M.Maurice Charretier rappelle à M. le secrétaire d'Etat aux rapatriés que l'article 44 de la seconde loi de finances rectificative pour 1986 (L. 86-1318 du 30 décembre 1986) a mis en place un dispositif devant permettre la remise intégrale des dettes des rapatriés. Pourtant cet objectif ne pourra être totalement atteint que si sont arrêtées des mesures tendant à étendre la remise des dettes aux ouvertures de crédit en compte, lorsqu'elles ont servi à financer des immobilisations liées directement à l'exploitation courante de l'entreprise, à reporter également la date butoir de la remise, pour la faire coïncider avec celle prévue par les dispositions nouvelles relatives à la consolidation. De plus, par dérogation à l'article 1er de la loi du 15 juillet 1970, les personnes de nationalité française, ayants droit en qualité de fils d'étrangers propriétaires en Algérie, dépossédés de leurs biens, puis décédés après leur retour en France, devraient pouvoir bénéficier d'un droit à l'indemnisation. Aussi, il lui demande si des mesures doivent être prochainement prises en ce sens.

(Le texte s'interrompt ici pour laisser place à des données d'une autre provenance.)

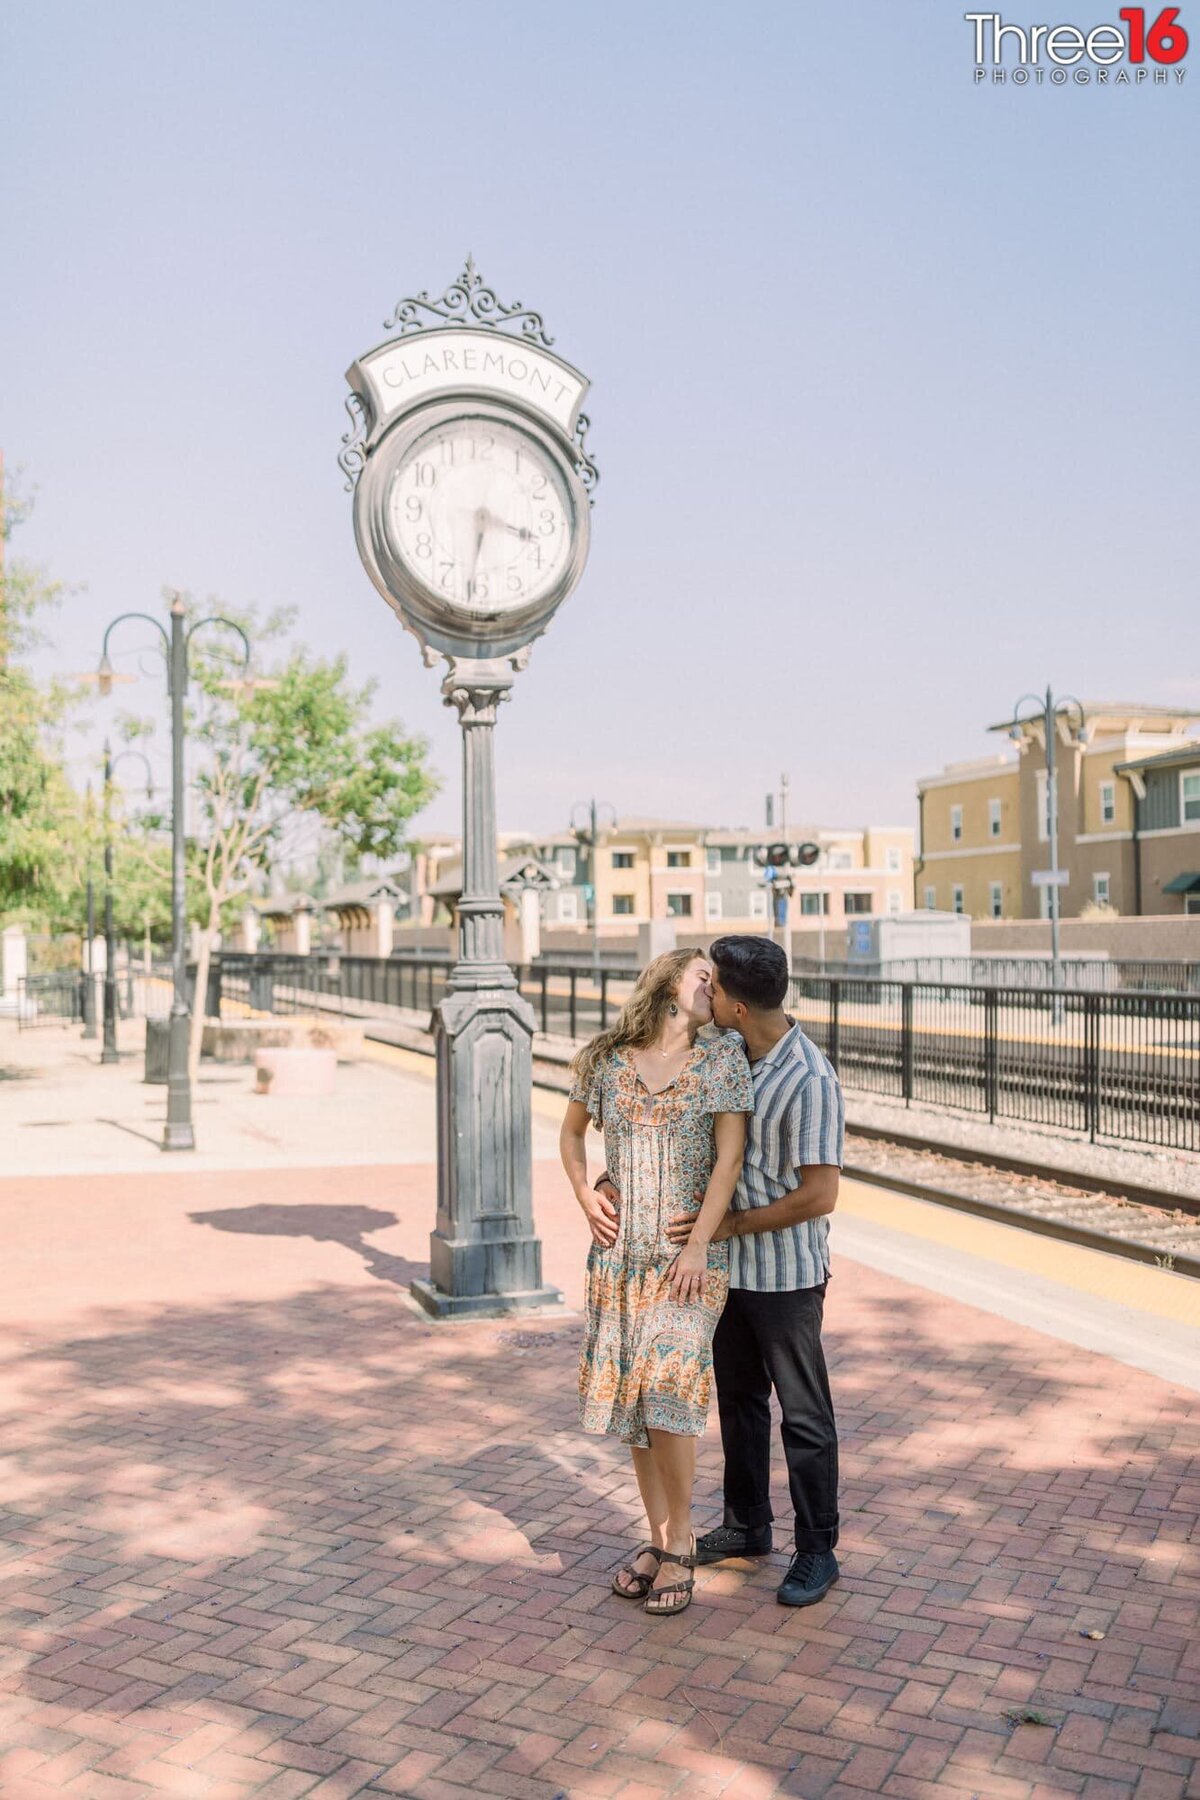 Bride to be looks back at her fiance and they share a kiss while standing under the Claremont Train Station clock tower
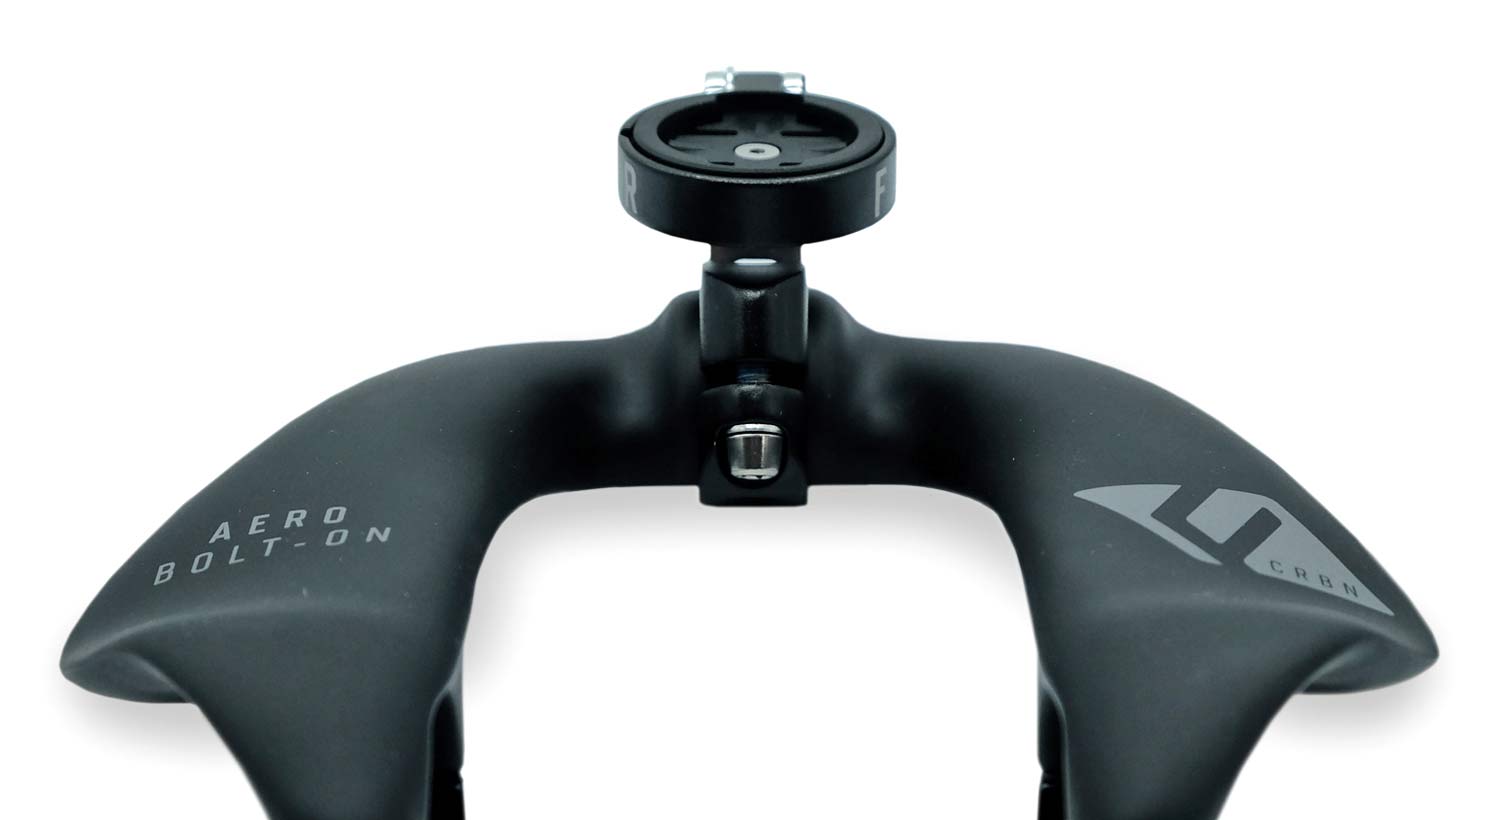 Farr out-front GPS Mount for Carbon Aero Bolt-On aero bar, centered

Réponse du ministère : Rapatriés

publiée dans le JO Sénat du 30/07/1987 - page 1198

Réponse. -L'article 44 de la loi de finances rectificative pour 1986 repose sur une mesure d'ordre général particulièrement généreuse, qui vise à remettre en capital, intérêts et frais, l'ensemble des sommes restant dues au titre des prêts accordés aux rapatriés avant le 31 mai 1981 par des établissements de crédit ayant passé une convention avec l'Etat. Il aurait été difficile d'étendre le mécanisme de la remise aux ouvertures en comptes courants car il aurait fallu, à l'occasion de l'examen de chaque dossier, établir avec précision la concomitance entre l'octroi du prêt et l'investissement réalisé. En revanche, l'honorable parlementaire peut être rassuré, quant au report de la date au-delà de laquelle les prêts ne seraient plus rémissibles. Sensible aux arguments développés par de nombreux parlementaires, et notamment par le rapporteur de la commission des finances de la Haute Assemblée sur le projet de loi relatif au règlement de l'indemnisation des rapa triés, le Gouvernement a déposé un amendement, accepté par le Parlement, qui précise que les dettes contractées entre le 31 mai 1981 et le 31 décembre 1985 sont également remises, sous réserve, pour les prêts complémentaires, qu'ils aient été accordés moins de dix ans après l'octroi du prêt principal de réinstallation. S'agissant du problème soulevé par la situation des enfants français d'étrangers, il convient de rappeler à l'honorable parlementaire que la règle générale édictée par l'article 2-3° de la loi n° 70-632 du 15 juillet 1970 est de n'ouvrir le bénéfice du droit à indemnisation institué par ce texte qu'aux personnes qui étaient de nationalité française au 1er janvier 1970 ou l'ont acquise, au terme d'une procédure engagée avant cette date. Il s'ensuit qu'à leur décès, les rapatriés qui ne remplissaient pas cette condition n'ont pu transmettre à leurs enfants, même si ceux-ci étaient français de naissance, un droit à l'indemnisation. L'article 2-3° de la loi du 15 juillet 1970 a toutefois prévu une exception à la règle de non-indemnisation des étrangers, qui s'adresse à ceux qui, parmi eux, ont rendu des services exceptionnels à la France et qui se sont établis sur le territoire français.